Together, with a group of investor’s friend, we have decided to open a high profile restaurant in the province preferably a Afro-Caribbean one. As they say in food business, location is KEY. So, project will be looking at best location to open a restaurant in the province.

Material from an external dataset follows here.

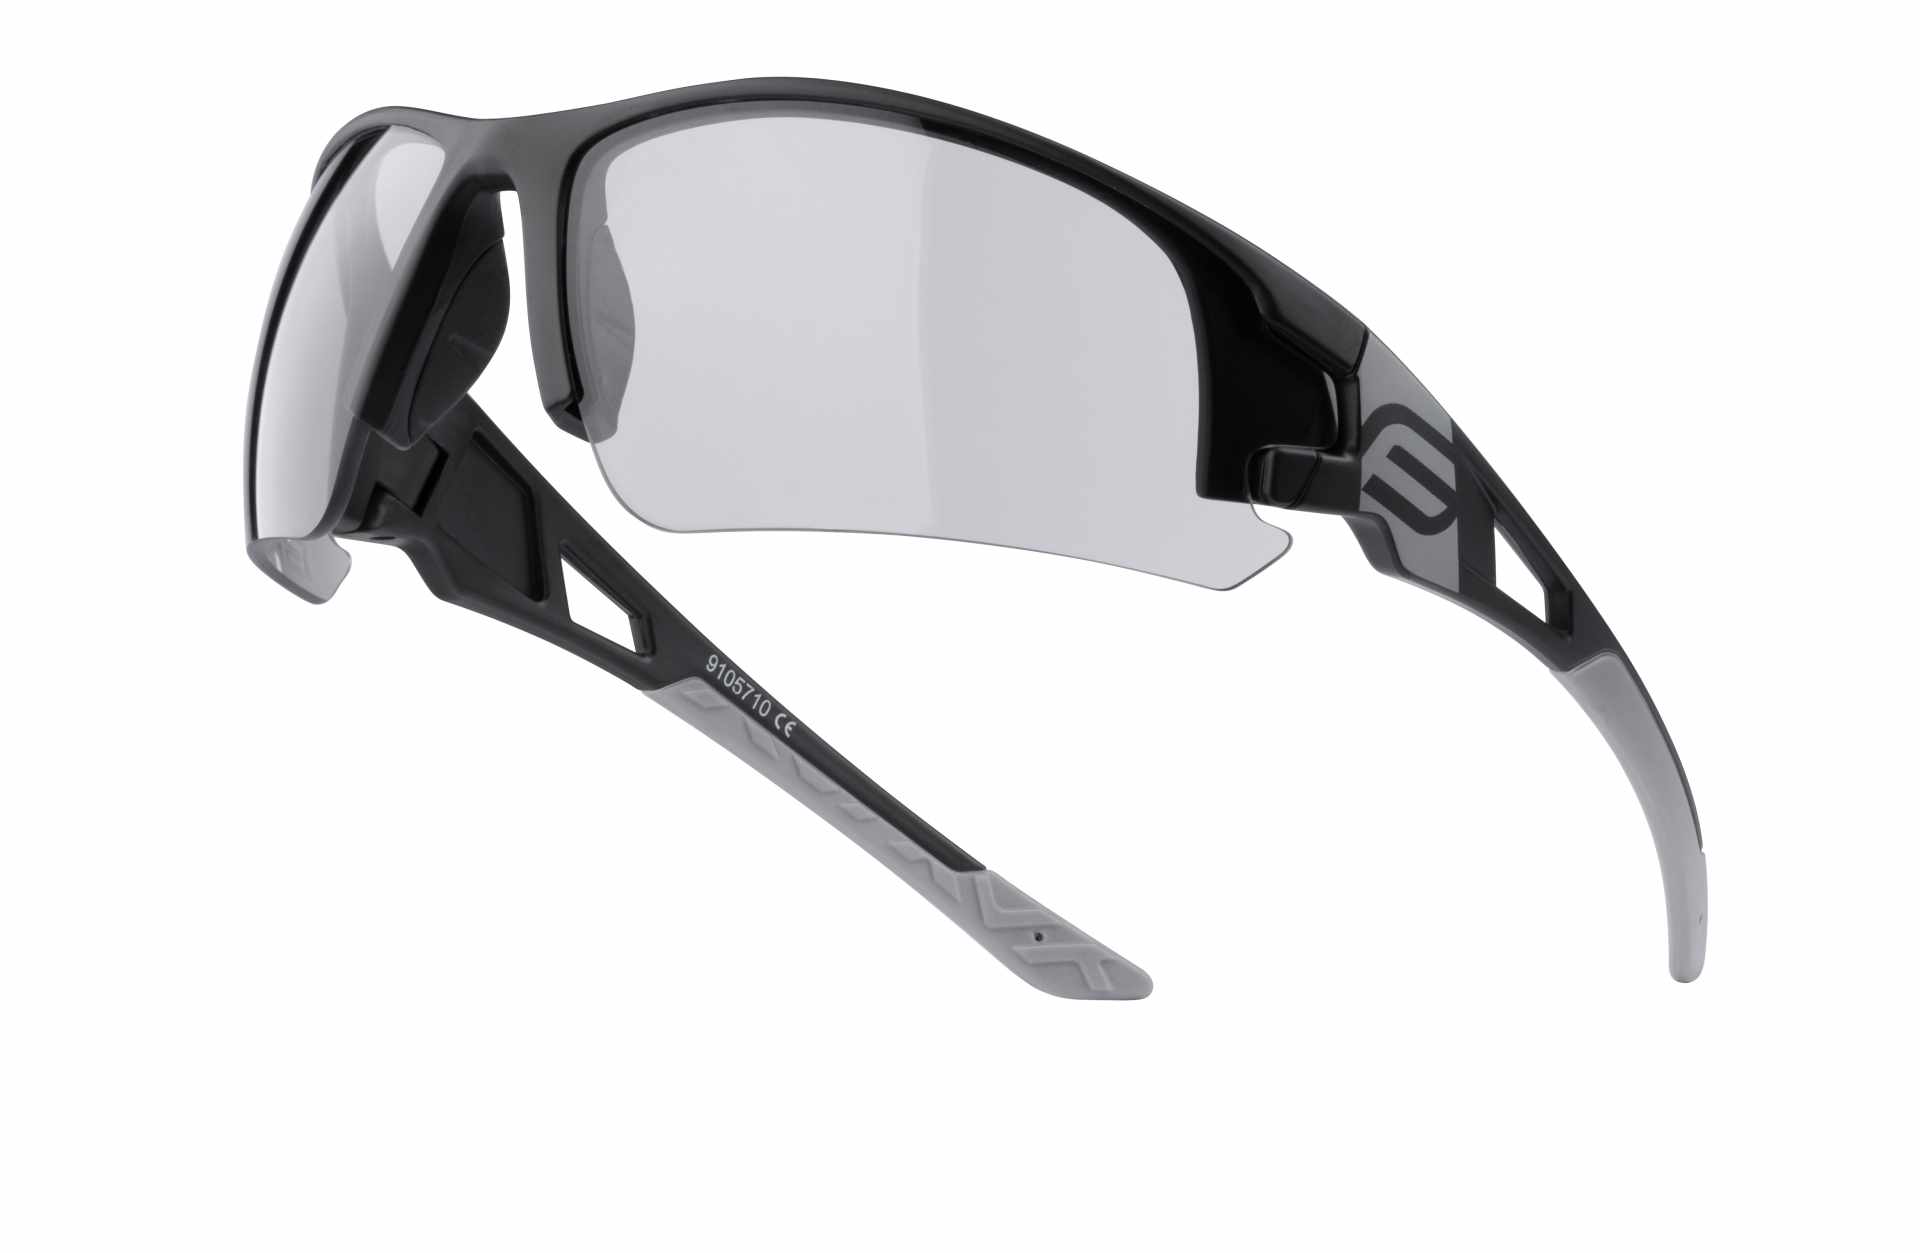 brýle FORCE CALIBRE černé, fotochromatická skla

## Business Problem/Challenge:

### The challenge is to find a suitable neighborhood in any borough in Alberta where the restaurant will thrive. And if possible, investigate further the viability of opening an Afro-Caribbean restaurant.Location of interest will be a densely populated area with few or no restaurants. 


## 2. Data

### 
To provide my co-investors with necessary information, I will be looking at 
1.	Top Neighborhoods with the highest number of restaurant and what kind of restaurant
2.	Borough with significant population to support the business
3.	In selected neighborhood, Top 10 restaurants and will be assessing if there is opportunity for Afro-Caribbean restaurant.
I will be combining different data set from Alberta’s open data website: https://open.alberta.ca/opendata such as neighborhood/wards population and average income per neighbourhood with additional data that helps to answer below questions. Foursquare API will be used to explore neighbourhood and K-means method to cluster and segment neighborhood.
•	Are there enough population in an area/city to be the core support of a restaurant business?
•	If, yes, are there similar business in the city?
•	If yes, what do they serve and how are they rated?
•	Is there opportunity for an Afro Caribbean restaurant in the neighbourhood.
Alberta data: https://en.wikipedia.org/wiki/List_of_postal_codes_of_Canada:_T
https://www12.statcan.gc.ca/census-recensement/2016/dp-pd/hlt-fst/pd-pl/Table.cfm?Lang=Eng&T=1201&SR=1&S=22&O=A&RPP=9999&PR=0




### Importing necessary Libraries

In [4]:
import numpy as np
import matplotlib.pyplot as plt
# import folium libraries
! pip install folium
import folium

import json # library to handle JSON files

import requests # library to handle requests
from pandas.io.json import json_normalize # tranform JSON file into a pandas dataframe

# Matplotlib and associated plotting modules
import matplotlib.cm as cm
import matplotlib.colors as colors

# import k-means from clustering stage
from sklearn.cluster import KMeans



In [1]:
import pandas as pd
!conda install --yes lxml

Collecting package metadata (current_repodata.json): done
Solving environment: done

# All requested packages already installed.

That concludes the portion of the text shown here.